She replied that the general mood among people she knew was gloomy because they believed that the next war between the US and Iran might be fought out in Iraq. She said: “Many of my friends are so nervous about a US-Iran war that they are using their severance pay on leaving government service to buy houses in Turkey.” She was thinking of doing the same thing.


My Iraqi friends turned out to have been all too right in their depressing prognosis: the killing of Iranian General Qassem Soleimani by a US drone at Baghdad airport is an act of escalation by President Donald Trump that ensures that Iraq faces a violent future. It may not lead to a full-scale military conflict, but Iraq will be the political and military arena where the US-Iranian rivalry will be fought out. The Iranians and their Iraqi allies may or may not carry out some immediate retaliatory act against the US, but their most important counter-stroke will be to pressure the Iraqi government, parliament and security forces into pushing the US entirely out of Iraq.
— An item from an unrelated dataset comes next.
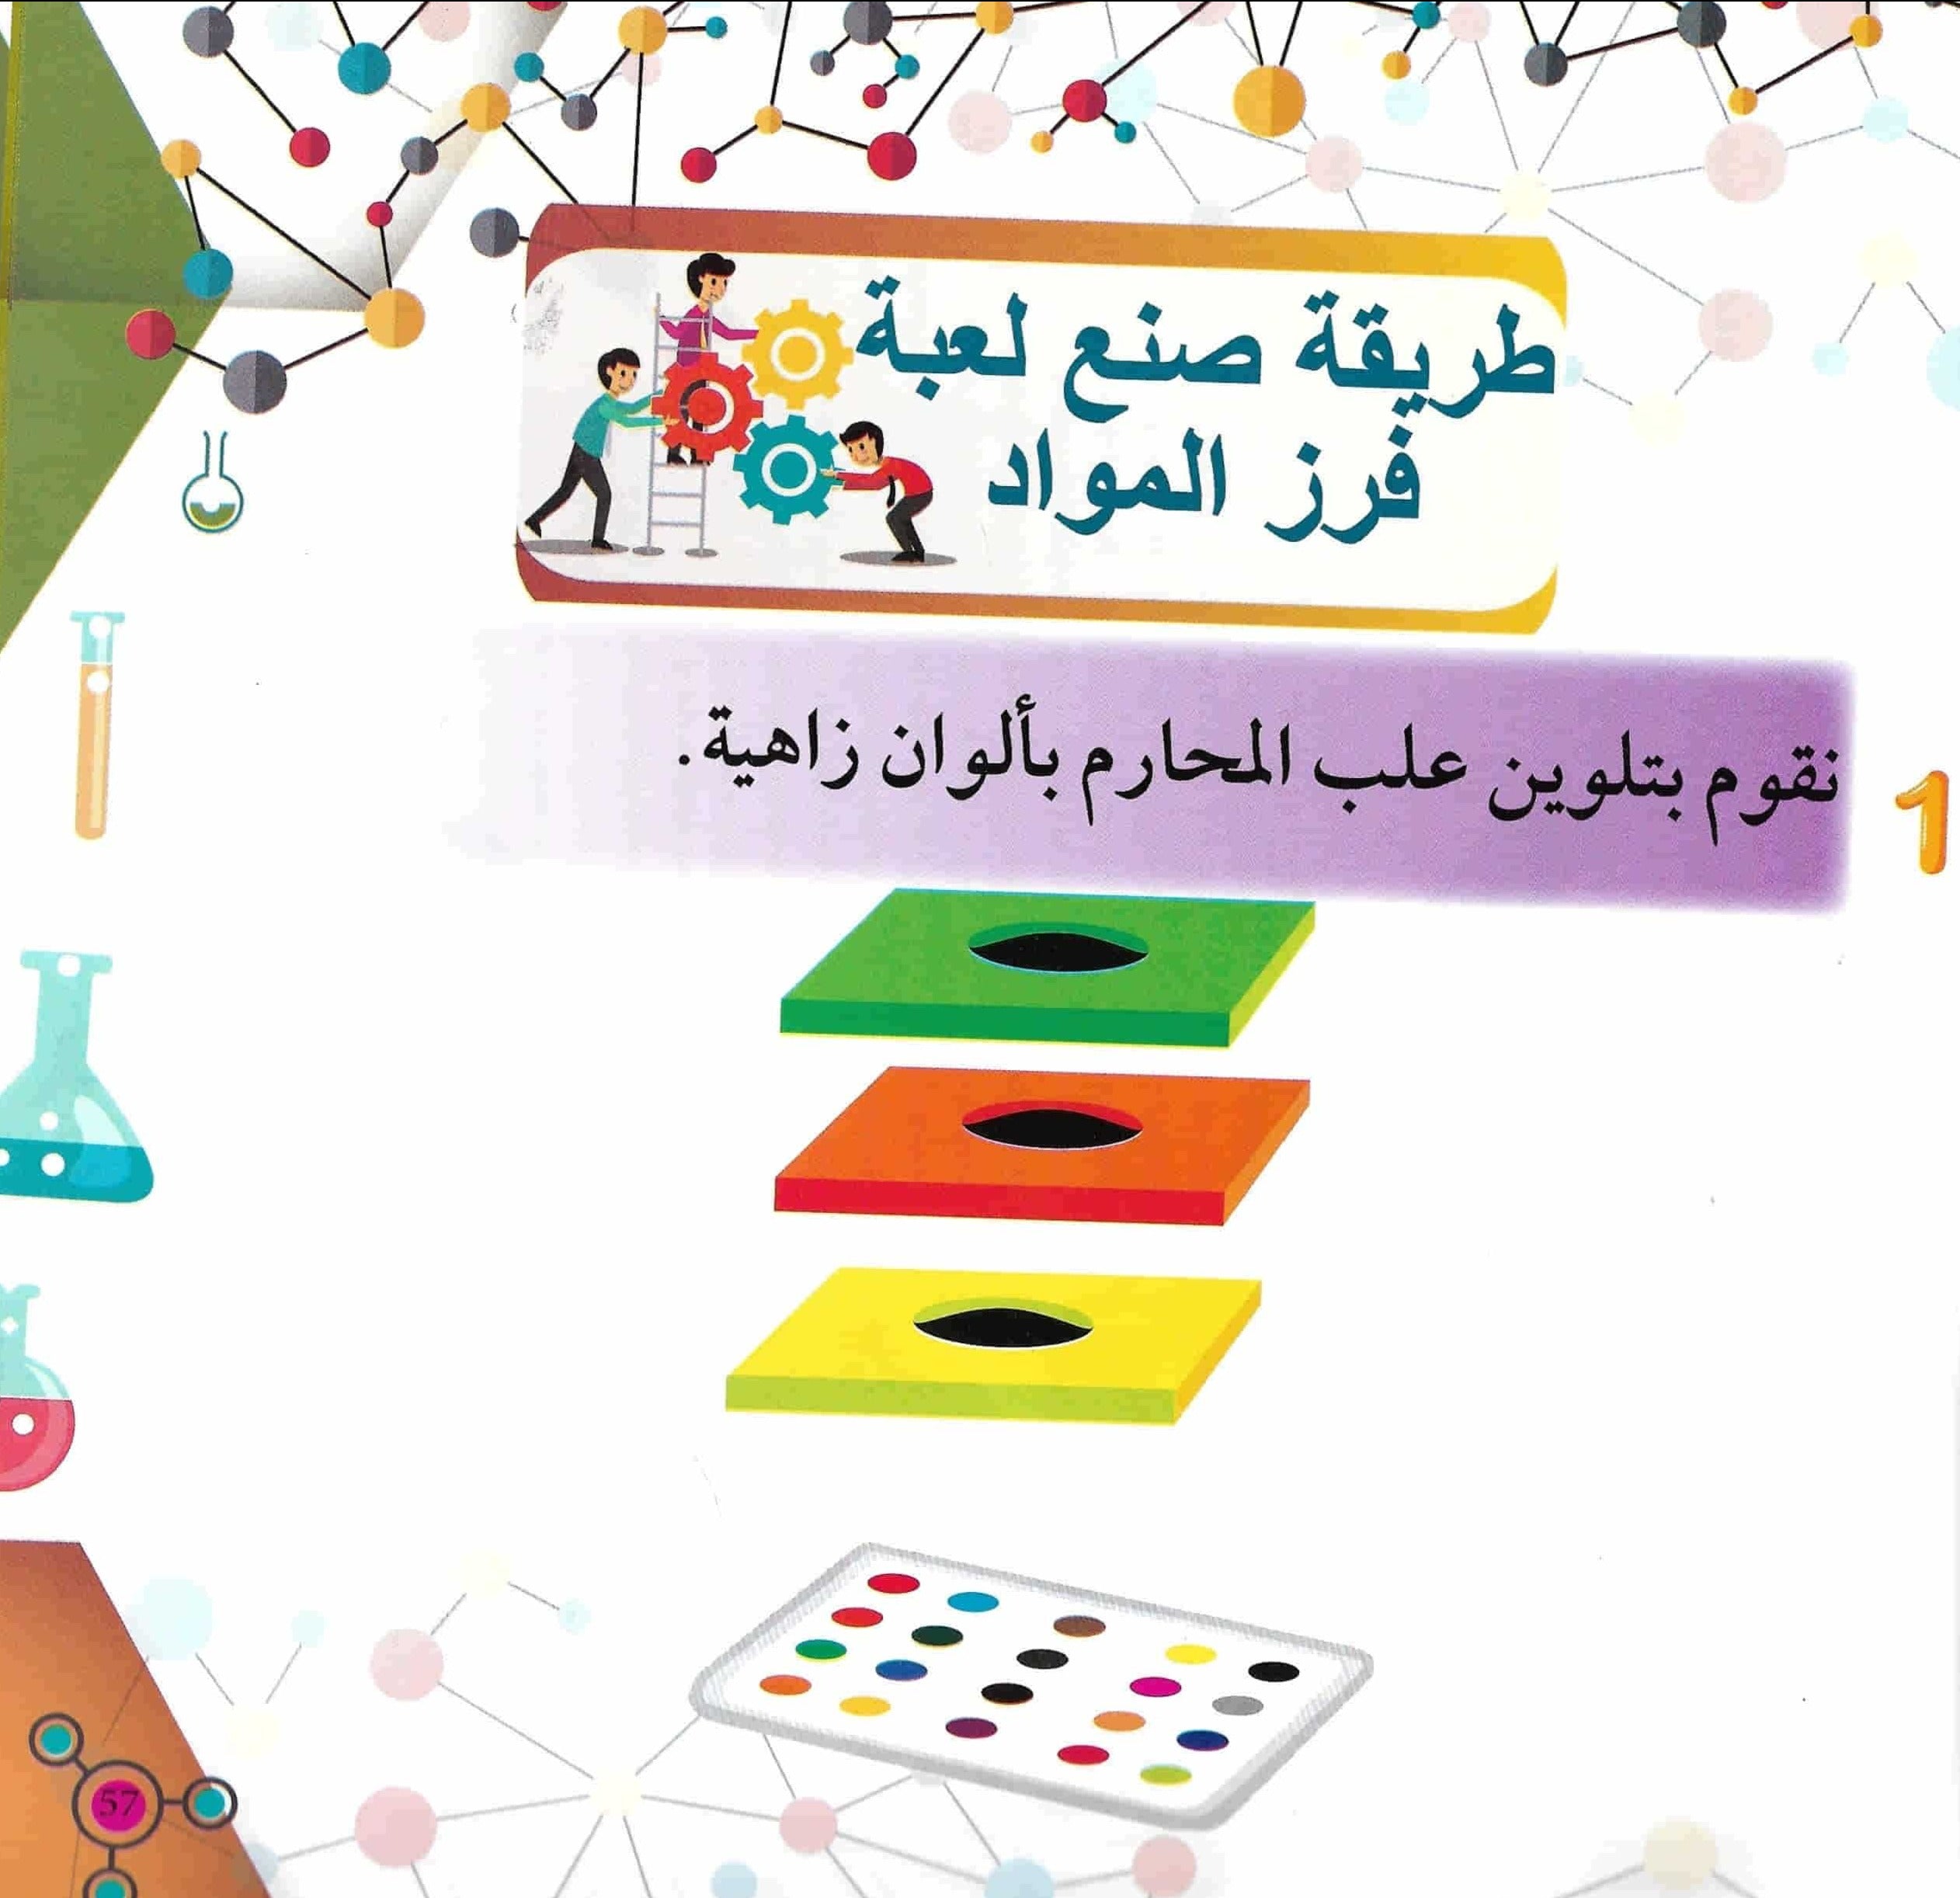 الكيمياء للصغار : تجارب علمية ممتعة للأطفال كتب أطفال هبة الحلبي

I was speaking to my pessimistic friend in Baghdad in late September in what turned out to be the last peaceable days before violence returned to Iraq. I interviewed a number of paramilitary commanders from the Hashd al-Shaabi, the popular mobilisation forces, who all claimed that the US and Israel were escalating attacks on them inside the country. I wondered how much of this was paranoia.

9月下旬,我在巴格达对我悲观的朋友说,这是暴力重返伊拉克前最后一个和平的日子。我采访了一些来自哈什德沙比(Hashd al-Shaabi)的准军事指挥官,他们都声称因为美国和以色列不断升级对他们的攻击。我想知道这有多偏执。

I spoke to Abu Alaa al-Walai, the leader of Kata’ib Sayyid al Shuhada, a splinter group of Kata’ib Hezbollah, one of whose camps had been destroyed by a drone attack in August. He said that 50 tonnes of weapons and ammunition had been blown up, blaming the Israelis and the Americans acting in concert. Asked if his men would attack US forces in Iraq in the event of a US-Iran war, he said: “Absolutely yes.” Later I visited the camp, called al-Saqr, on the outskirts of Baghdad where a massive explosion had gutted sheds and littered the burned-out compound with shattered pieces of equipment.

caipiao.xunlei.com_【官方首页】-迅雷彩票我采访了卡塔伊布·赛义德·舒哈达(Kata''ib Sayyid al-Shuhada)的领导人阿布·阿拉·瓦莱(Abu al a a al-Walai),这是卡塔伊布真主党的一个分裂组织,8月份的一次无人机袭击摧毁了其中一个营地。他说,50吨武器弹药被炸毁,归咎于以色列和美国的一致行动。当被问及他的手下是否会在美伊战争中袭击驻伊美军时,他说:“绝对会的。”后来我访问了巴格达郊区的一个名为al-Saqr的营地,那里刚发生了大规模爆炸,棚屋被炸毁,烧毁的院落里散落着破碎的设备碎片。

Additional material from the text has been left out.